Invest in Gold to Preserve Your Purchasing Power

by Jerry White

Many American investors are deeply concerned about the future of the US dollar, especially that the dollar’s continuing fall will lead to erosion of their wealth. They have heard commentators suggest that investing in gold can help preserve their purchasing power. Many are concerned about the following issues:

  • That prices of goods and services will rise as a result of the Fed’s unrestrained printing of money and purchasing of Treasury bonds and mortgage-backed securities, and the administration’s policy of devaluing the dollar to encourage exports.
  • That the burgeoning US public debt will further affect the country’s credit rating, making investors reluctant to roll over Treasury bonds at reasonable interest rates, and raising the cost of debt service and dragging the economy for years to come.
  • That the climb in Treasury bond prices over the past few years is an unsustainable bubble, which will burst with devastating consequences for the dollar and the US financial system, kept intact now only because of unsustainable (and hence temporary) sovereign and banking insolvencies in Europe.

How can you hedge against inflation, hyperinflation and financial collapse?

Maybe nothing bad will happen. But there is no denying the risk.

If you managed a foreign central bank that held billions of dollars in your foreign exchange reserves, would you not be disturbed that their value was declining by the day? Would you consider swapping some of your dollars, perhaps just 5 or 10%, for gold? That is what some central banks are doing. Banks in developing countries such as China hold large quantities of dollars (and euros), and are reducing their currency risk by buying gold, as are Russia, South Korea, and Mexico, among others.

As an individual investor, you have an opportunity to protect your purchasing power by doing the same, by investing a portion of your dollar-based portfolio in gold, silver, and other precious metals. That is the principal motivation of American investors who have made their first gold purchases in the past year.

How to buy gold

Gold for investment is available in many forms, including gold bars and ingots, gold coins, exchange-traded funds, mining company shares, and gold futures and options. They are sold by various types of sellers (coin dealers, securities brokers, commodity brokers, and mutual fund managers), are available at different premiums (markups) over the London gold bullion price, and respond differently to changes in the London gold bullion price. Depending on an investor's goals, one or more of these forms will be most appropriate. Buying gold that is not appropriate to meet your goals will simply be expensive and may not accomplish what you need.

Gold from a vending machine?

In addition to traditional sellers, gold is now available on a trial basis from vending machines, which dispense small ingots from a gram (about 1/31 of a troy ounce) up to an ounce, plus American Gold Eagles in various denominations. The markup is said to be 5% to 15% over the bullion price, which is updated in the machine every minute or so, but might well be higher. While they have been described as “gold ATMs”, to earn that title, the gold they dispensed would have to be spendable at your local Starbucks. We are not there yet.

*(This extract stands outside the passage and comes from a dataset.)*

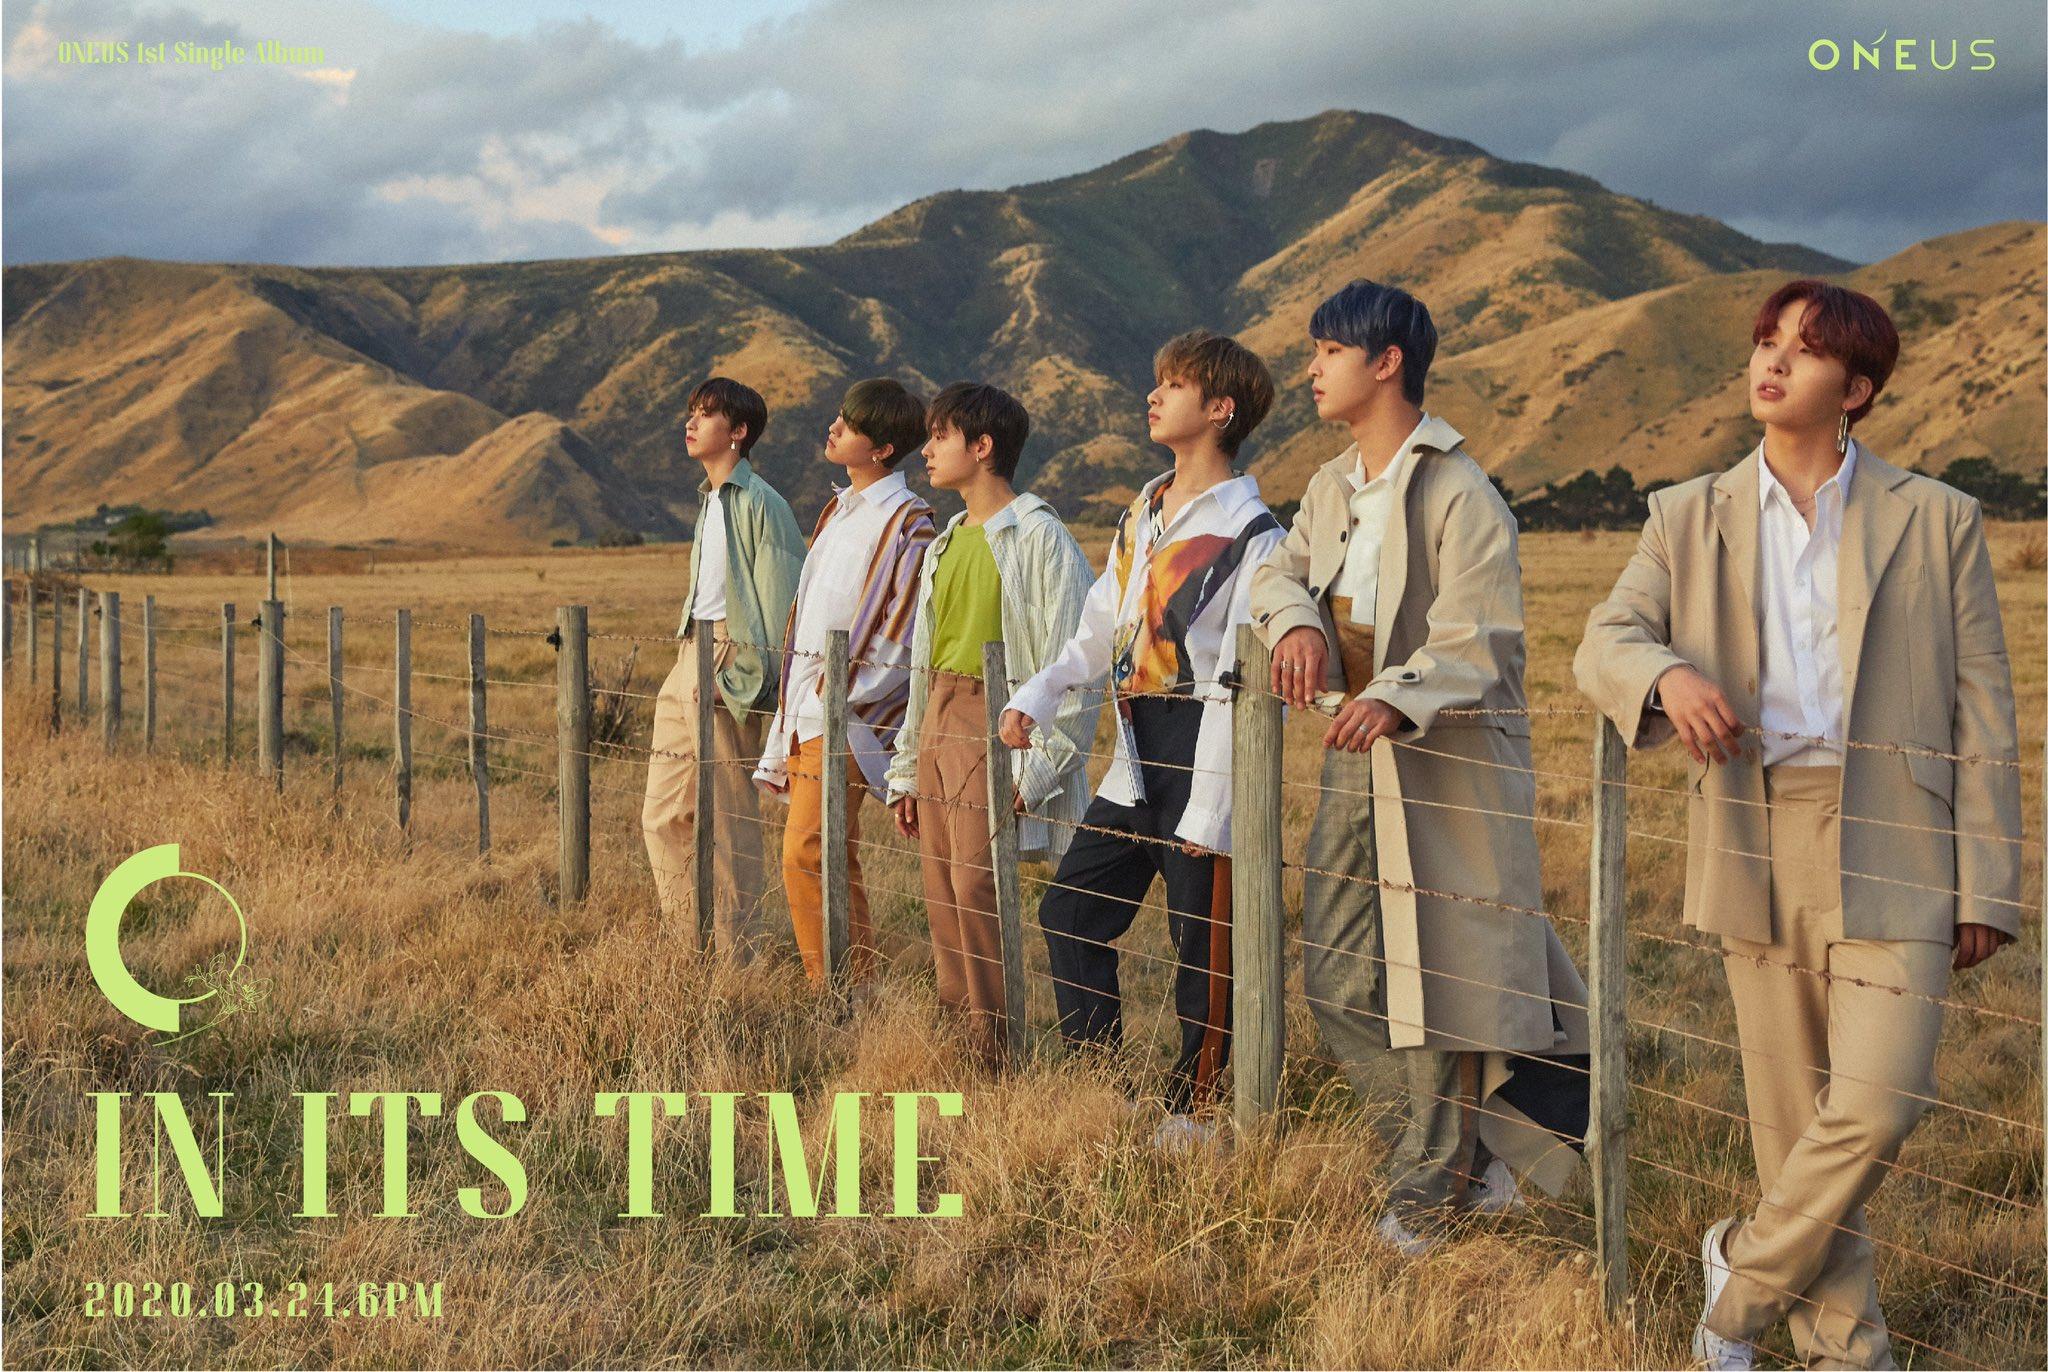 24일(화), 🌏원어스 첫 번째 싱글 앨범 'IN ITS TIME' 발매🌏 | 인스티즈

Our concerns: First, is the gold authentic? Just because the bars come with a certificate of authenticity issued by the machine's owners does not make them authentic. Second, check the premium. A 5% markup for a 1-ounce coin would make the machine roughly competitive with a coin dealer, as would a 15% markup for a fractional gold coin. For now, we see gold vending machines as a curiosity, perhaps suitable for buying fingernail-sized gifts for special occasions.

Are gold vending machines a sign that gold is already a bubble? Hardly, since this is a trial of a few machines. When they are installed in quantity at local shopping malls, let’s revisit the question.

Is gold an investment bubble?

A bubble happens when everyone already owns the asset — like tulip bulbs in 17th century Dutch Netherlands — and the last ones into the market hope to profit by selling to other novices at an even higher price. But when everyone is participating in the bubble, there is no one left to sell to, and the bubble suddenly bursts. With perhaps just 5% of American investors owning gold (and likely much less than that), it is not over-owned. Maybe some day it will justifiably be called a bubble. Now, it is just a highly volatile market that frightens the uninitiated.

Americans are buying precious metals, many for the first time. Some are concerned about the erosion of their purchasing power as the Fed runs the dollar-printing presses and buys Treasury bonds. Some are concerned about a possible collapse of the US financial system in the face of sharply rising government debt. Owning gold helps them protect the value of their wealth by assuring that part of it will maintain its purchasing power in case the dollar collapses in hyperinflation.